The case of Freeman v. Hatley, 3 Jones, 115, is an authority for this position. That is an analagous case. There, as here, the court house and register's books of Montgomery *Page 234 county had been burned, and on the trial it became necessary for the plaintiff to introduce, in support of his title, a deed from one Carson to William Thornton. The plaintiff, as in this case, had recourse to secondary evidence, and introduced a copy of the deed with the certificate of the register endorsed that it was a true copy, and that the original deed had been duly registered in said county. The objection was there raised by the defendant that this was no evidence that the deed had ever been proved or acknowledged. Thereupon the plaintiff introduced the register as a witness, who testified that he was register at the date of the deed, and had been ever since, and that he had never registered a deed unless it had been proved. This court, in the opinion delivered by Chief Justice PEARSON, recognized the testimony of the register as competent. He said: "We have come to the conclusion that the proof set out above, with the aid of the maxim omnia praesumuntur, c., is sufficient to show that the original deed had been duly proved and registered. From the fact of its having been registered and the oath of James M. Lilly, who, fortunately for the plaintiff, has been register during the whole time, we think there is a clear presumption (the loss of the deed having been satisfactorily established) that it was proved and ordered to be registered."
If the register is a competent witness to prove the probate of the deed, there can be no reason why he is not also competent to prove its registration.

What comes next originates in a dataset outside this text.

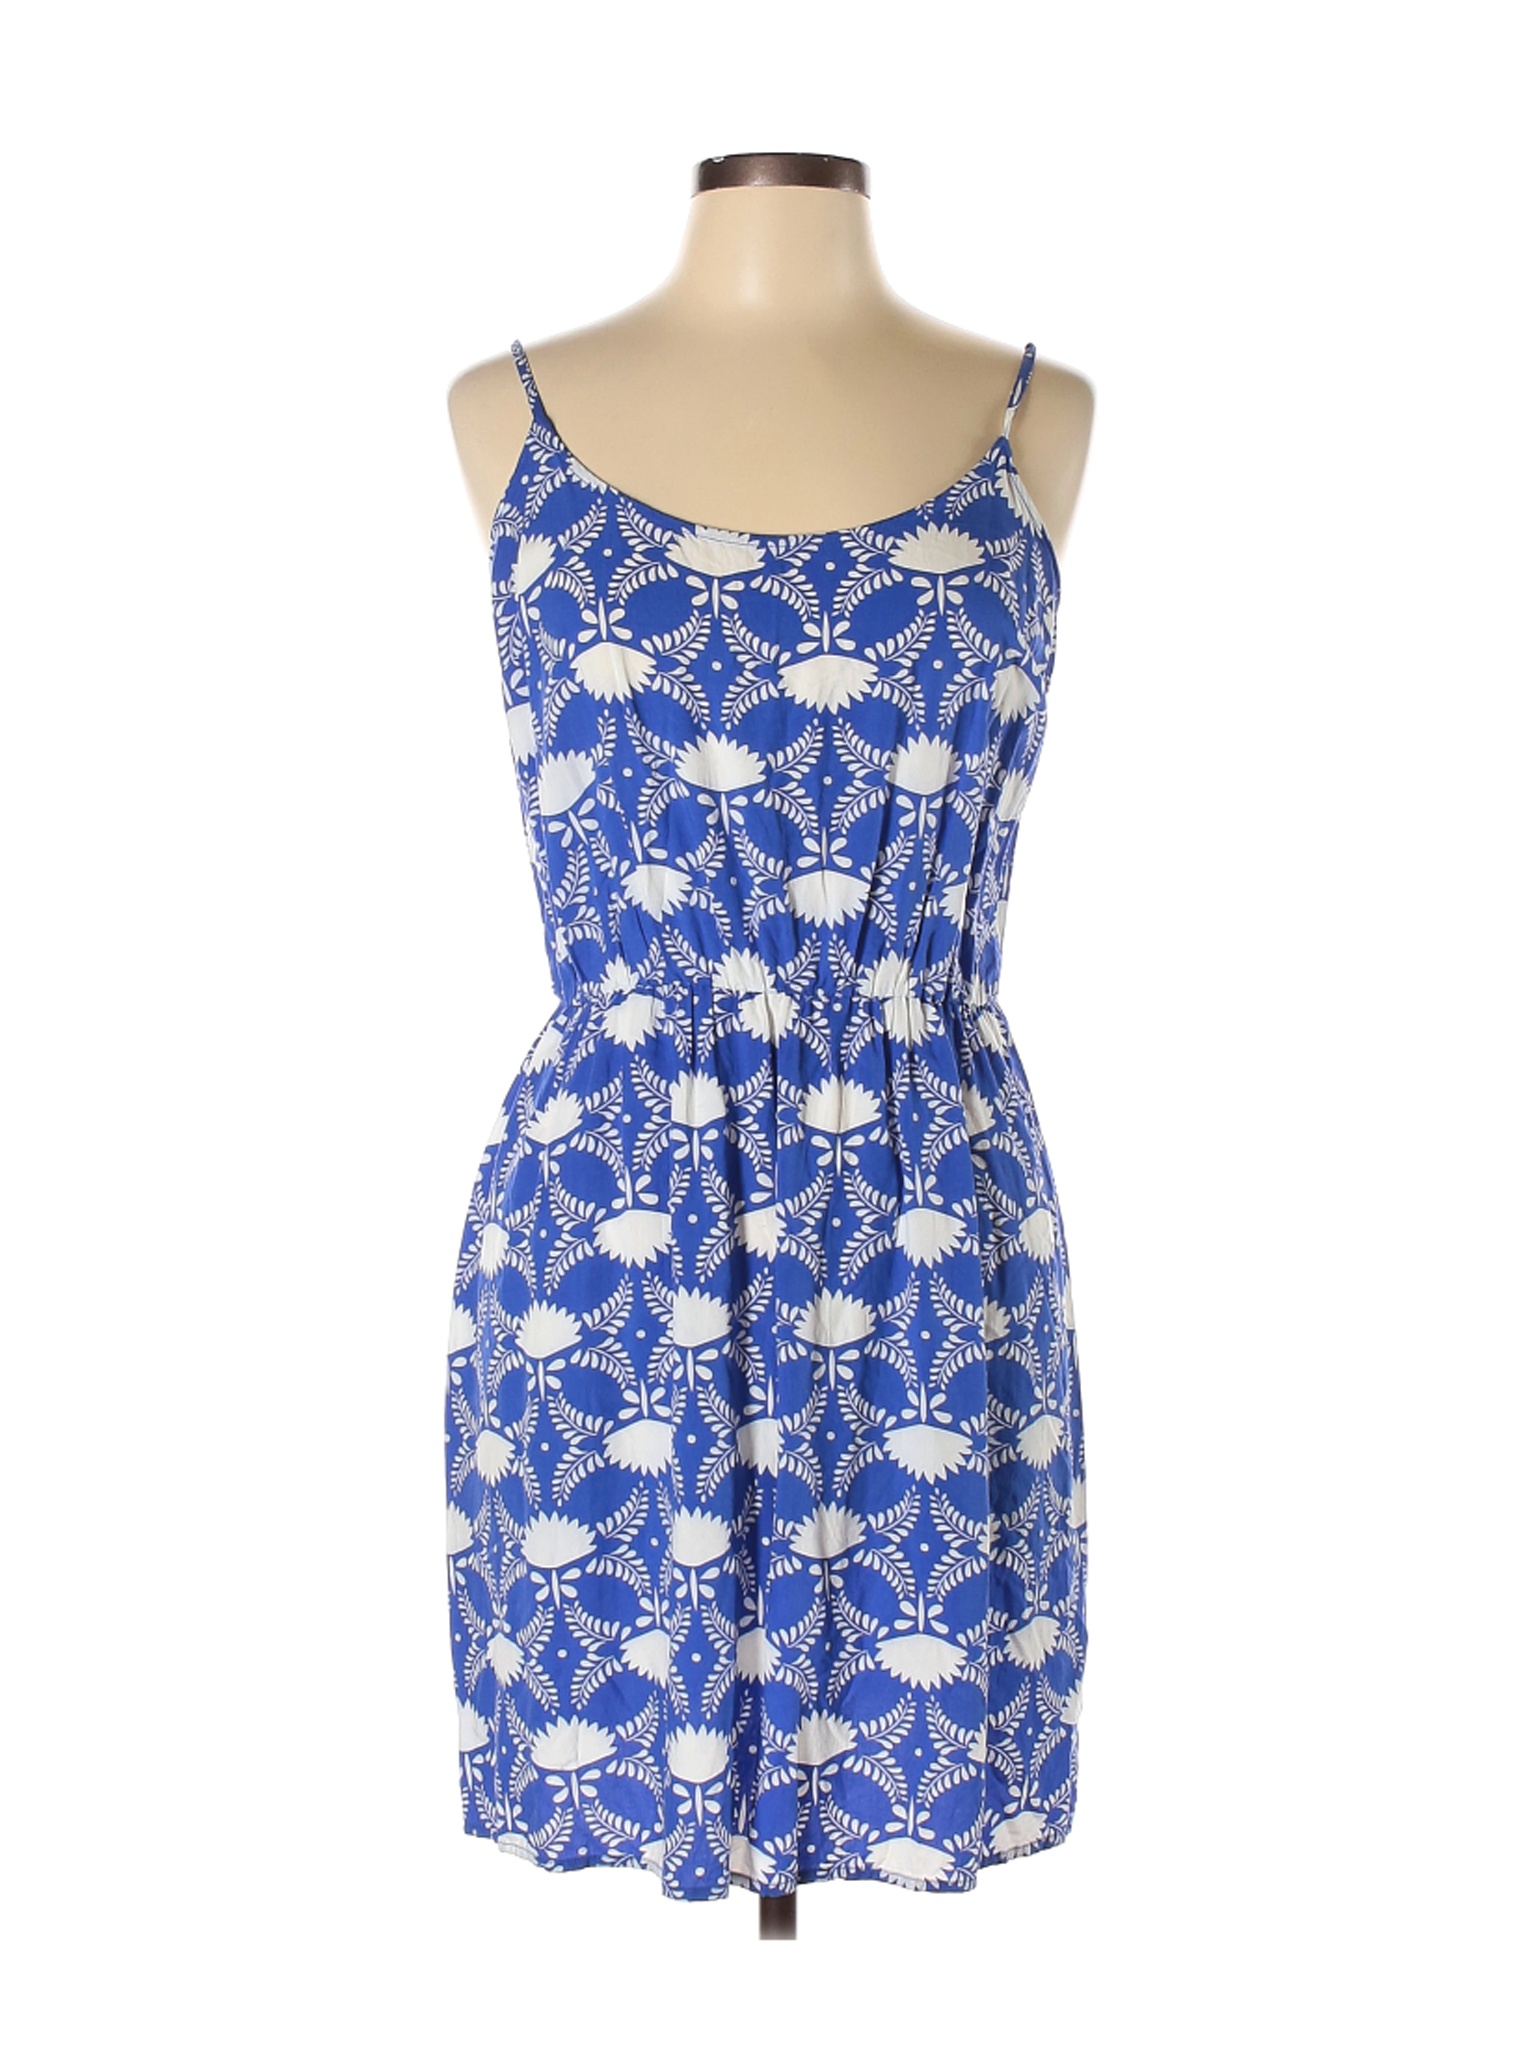 Old Navy Women Blue Casual Dress L | eBay

When secondary evidence is resorted to for proof of an instrument which has been lost or destroyed, there must, in the first place, be some evidence that the instrument once existed, though slight evidence is sufficient for that purpose; then, if lost, that diligent search has been made for it without success; but if destroyed, proof of the destruction is sufficient. And, ordinarily, the party who proposes to use the instrument in deduction of his title must prove the loss *Page 235 or destruction by his own affidavit, unless the instrument at the time of its destruction was in the custody of another, and then it must be proved by him who was the depositary of it at the time of its destruction. After such proof is offered to the court, and not till then is evidence admissible of its contents, its execution and registration. But the execution will be presumed from the registration, as was held in Freeman v.Hatley, supra, upon the maxim omnia praesumuntur rite acta esse, especially where there is other evidence tending to the same end.

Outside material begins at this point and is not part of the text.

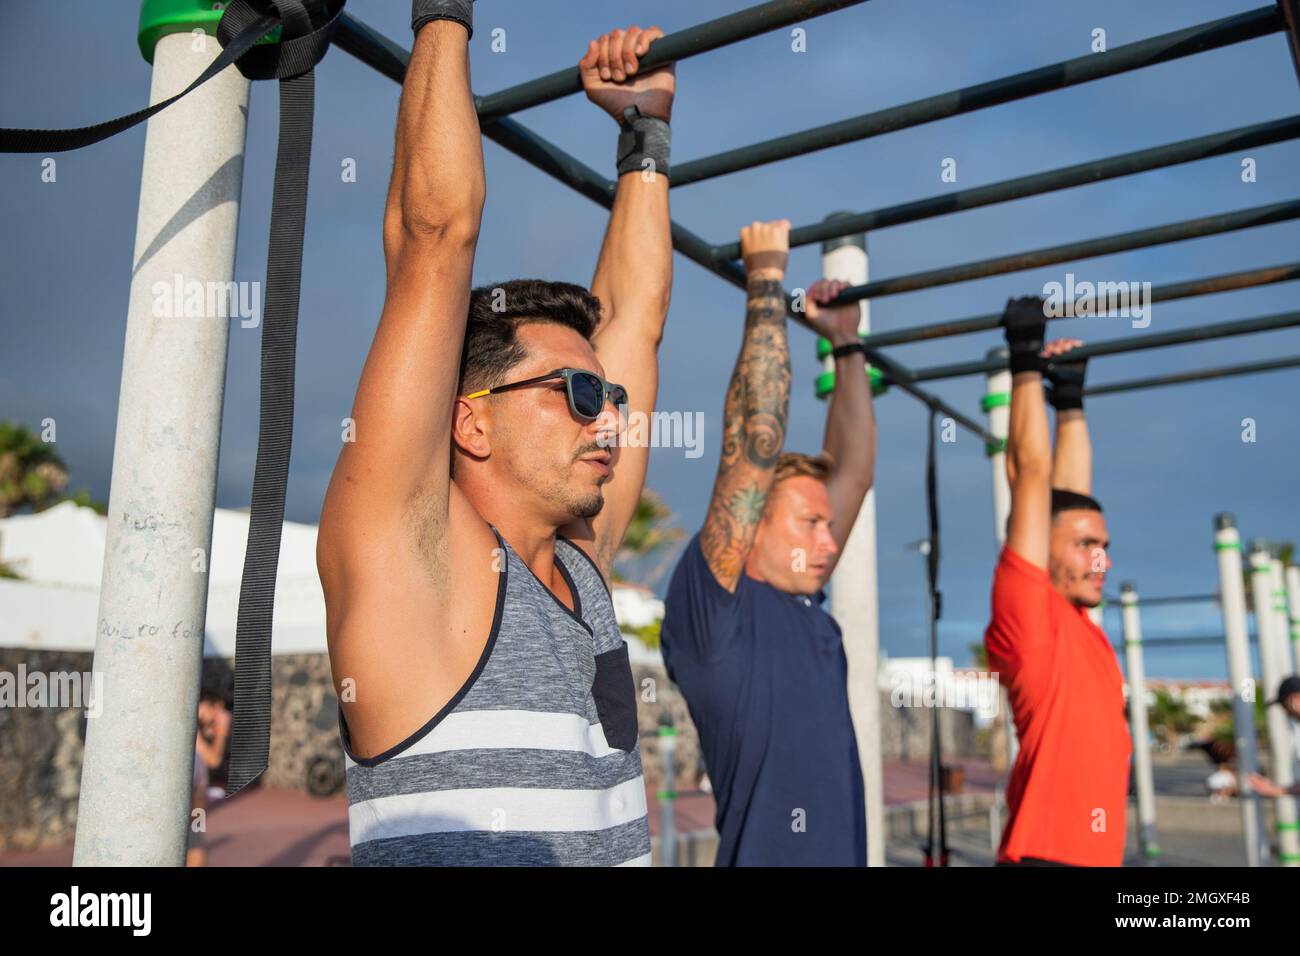 Tre uomini allenano facendo pull up in una palestra all'aperto, sport e stile di vita sano Foto Stock

In the case before us, the plaintiff proposed to prove by the register of Watauga county that the deed from Holdsclaw to Cousins, under which he claims title, together with the book in which it was registered, had been destroyed by fire. The evidence is certainly competent. If the deed when registered was left in the register's office, as is often the case, the register was the proper person to prove its destruction and its registration; and it may be, the plaintiff relied upon his testimony to prove the contents. But however that may be, we are of opinion that His Honor acted prematurely in sustaining the objection of the defendants; otherwise the witness Presnell may have been able to prove all the facts which were necessary for the plaintiff to supply the absence of the deed.
There is error. This opinion must be certified to the superior court of Wilkes county that a venire de novo may be awarded.